- Developer: Softstar Technology (Shanghai) Co., Ltd.
- Publisher: Softstar Entertainment Inc.
- Series: The Legend of Sword and Fairy series
- Platform: Microsoft Windows
- Release: 1 August 2007 (Taiwan) 1 August 2007 (China Mainland)
- Genre: Role-playing video game
- Mode: Single player

= The Legend of Sword and Fairy 4 =

2007 video game

The Legend of Sword and Fairy 4 (仙劍奇俠傳四 (仙剑奇侠传四, Xiānjiàn Qíxiá Zhuàn Sì)), also known as Sword and Fairy 4 (仙劍四) or Chinese Paladin 4, is a xianxia-themed fantasy adventure role-playing video game developed by Taiwanese game company Softstar Entertainment's Shanghai subsidiary and released in 2007. It is the fifth installment in The Legend of Sword and Fairy video game series, and serves as an independent prequel to the third game.

==Plot==
Yun Tianhe (雲天河), a young man who had been living alone on a mountain peak, was on a regular boar hunting trip when he came across the young woman Han Lingsha (韓菱紗), from a clan of short-lived tomb raiders, attempting to break into his parents' tomb, culminating in the destruction of the tomb, and setting him on a journey alongside Lingsha to the outside world to uncover his parents' past.

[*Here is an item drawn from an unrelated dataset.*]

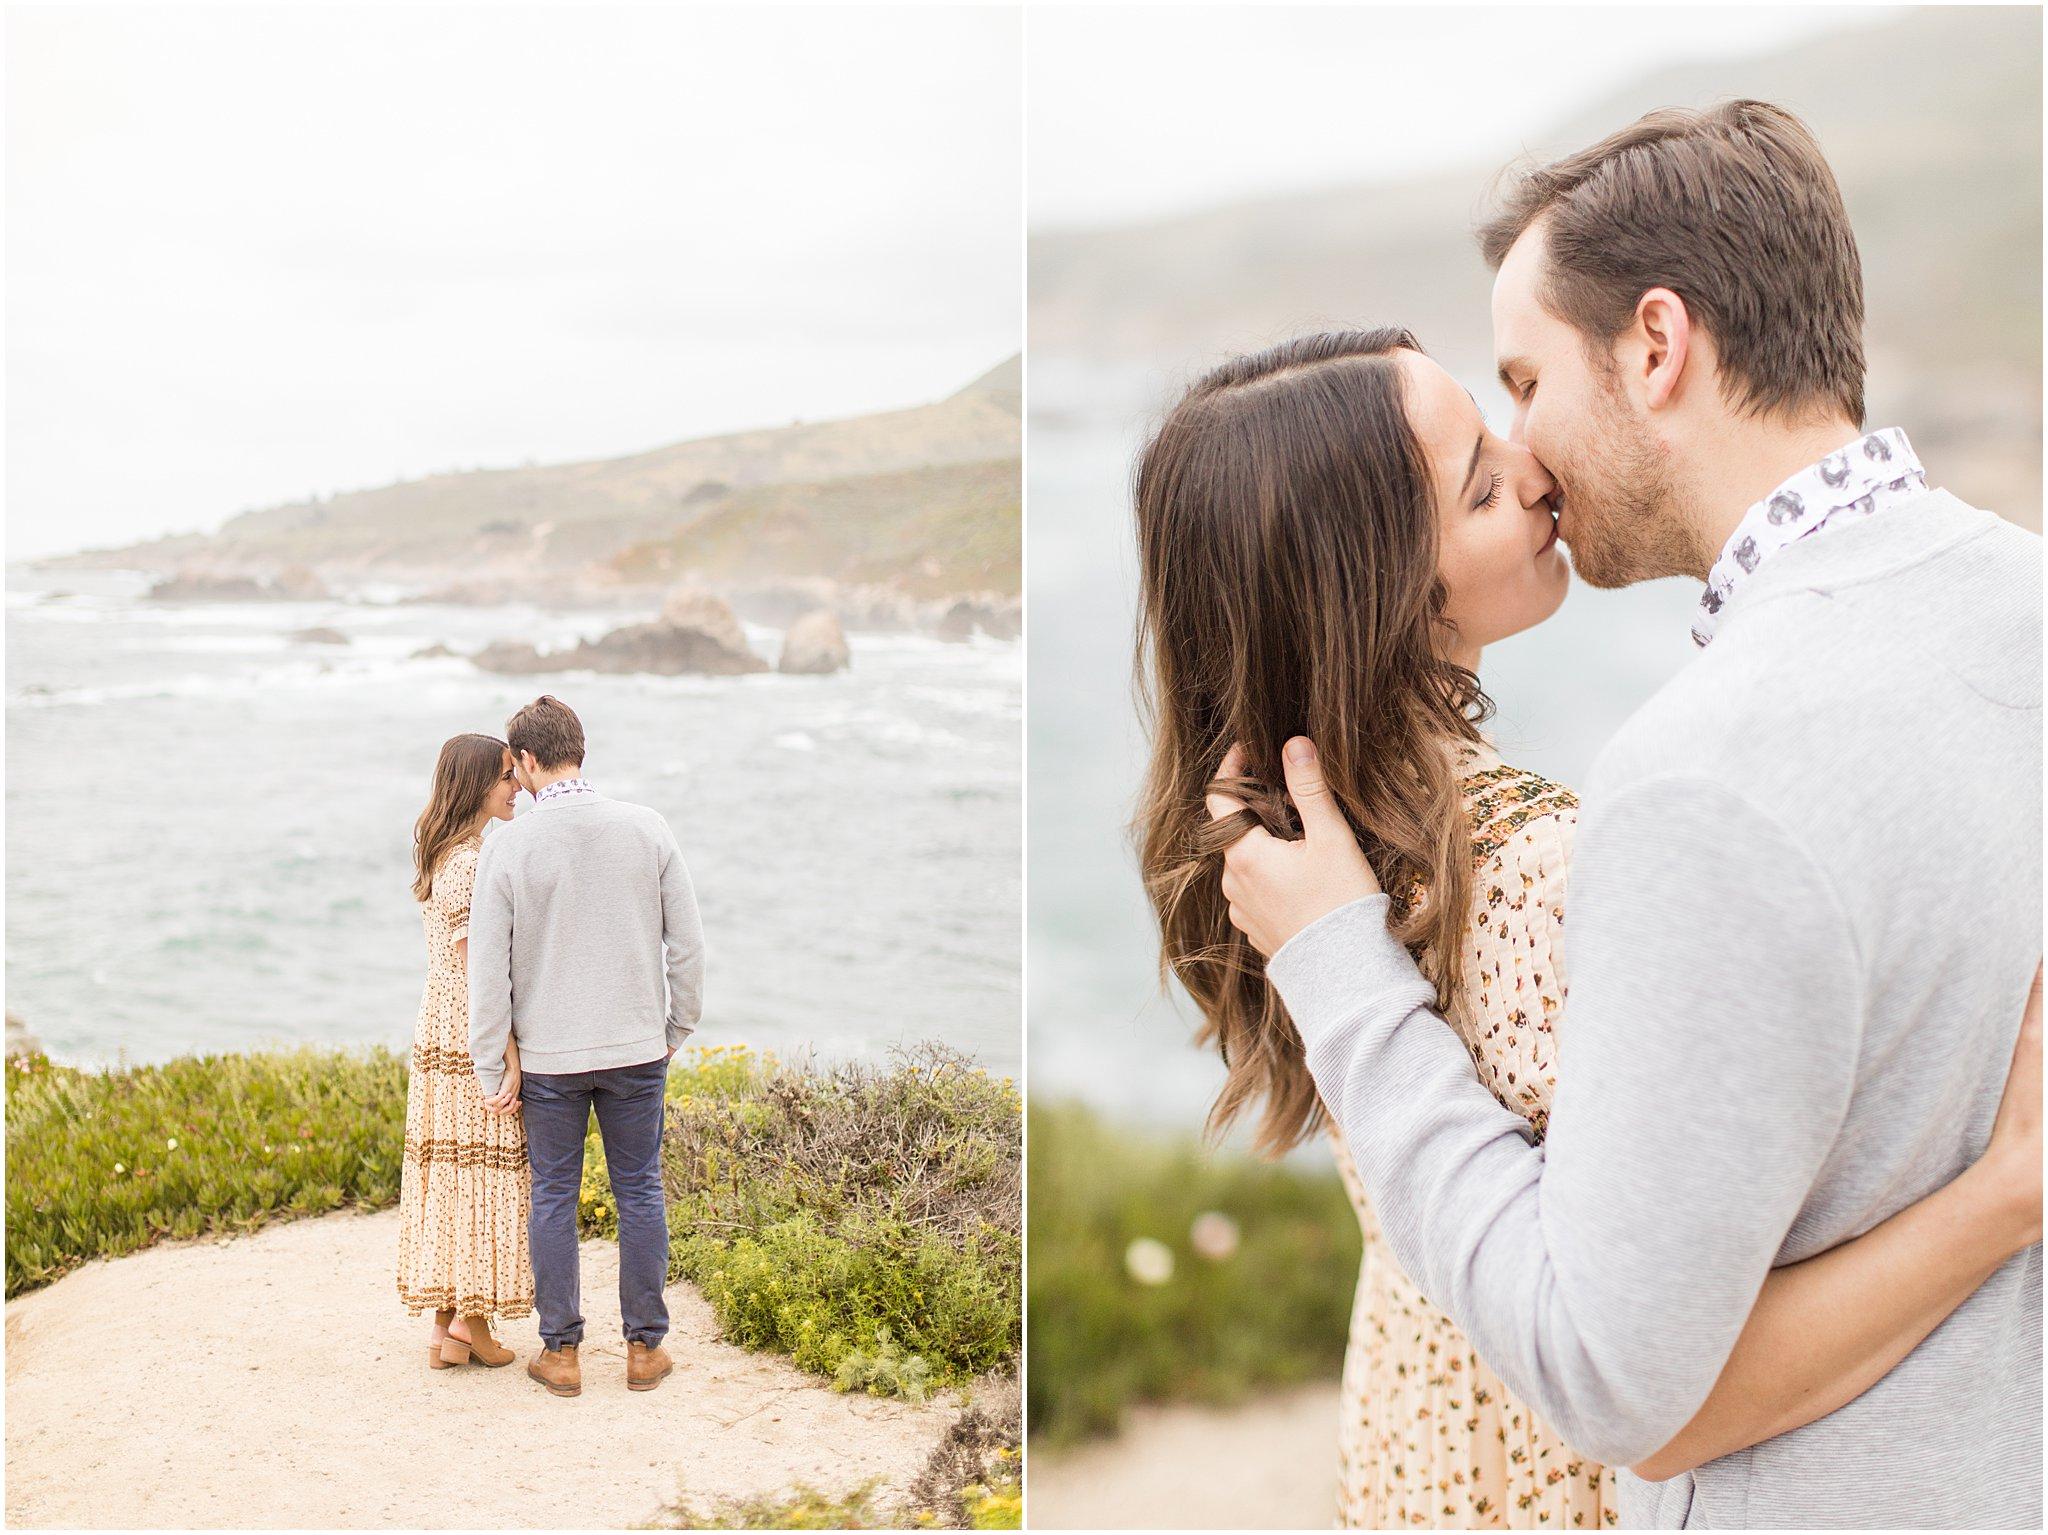 2019 carmel highlands garrapata state park couples portrait session bay area wedding photographer_0014.jpg

On the journey, they encountered and befriended the adopted daughter of the magistrate of Shouyang, Liu Mengli (柳梦璃), who seemed to have connections to Tianhe's father, and a skilled and kind swordmaster who trained at Mt. Kunlun's Qionghua School since a young age, Murong Ziying (慕容紫英).

==Characters==
The names of four playable characters in The Legend of Sword and Fairy 4 came from mineral ores.

=== Yun Tianhe ===
Yun Tianhe (雲天河), who lives alone in the mountains after his parents' death, and knows nothing about the outside world. He decided to go on an adventure after coming across Han Lingsha in his parents' tomb, in order to know about his parents' past, and in the hope of becoming a sword master. He later joined in the Qionghua School with Lingsha, where his parents met and trained two decades ago. Going through all kinds of afflictions after leaving home, Tianhe never change his mind that he can conquer fate and live a life on his own choice. In the end, Tianhe fulfilled his dream, but paid the price of losing sight. The name Tianhe comes from amazonite.

=== Han Lingsha ===
Han Lingsha (韓菱紗) came from a clan living on tomb raiding for generations. She is good at geomancy and break barriers in the tomb. Due to her clan's disturbing the dead, the ghosts were infuriated, which led to the Han people's being short-lived. Thus, Lingsha went on the adventure for finding ways to live longer. She came across Tianhe in his parents' tomb, and persuaded him to go on the journey together. The name Lingsha comes from cinnabar.

=== Liu Mengli ===
Liu Mengli (柳夢璃) is the adopted daughter of the magistrate of Shouyang, whose true identity is the demon king's daughter. Nineteen years ago, She was seriously injured in the war between the Qionghua School and the demon world, and was rescued by Tianhe's father. Later, she was sent to a county magistrate's home, and was raised up there as a human child. To know about the true identity of herself, Mengli joined Tianhe and Lingsha's journey. The name Mengli comes from lapis lazuli.

=== Murong Ziying ===
Murong Ziying (慕容紫英) is the descendant of Yan's royal family. He was a sickly child, so his parents sent him to the Qionghua School to be healthy. Learning sword art at an early age and being intelligent, Ziying became a skilled sword master. He is good at casting sword, and also value maintenance of swords. The name Ziying comes from amethyst.

== Remake ==
On December 18, 2024, an official promotional video was released for The Legend of Sword and Fairy 4 Remake, with announcement that it will be made with Unreal Engine 5 by the restructured Shanghai subsidiary UP Software (a word play of "Shanghai Softstar"). A year later on December 29, 2025, a second promotional video was released showing more details on character rendering, open world-like adventure gameplay and an Expedition 33-style turn-based combat system with quick time event mechanism for evading, parrying and countering attacks.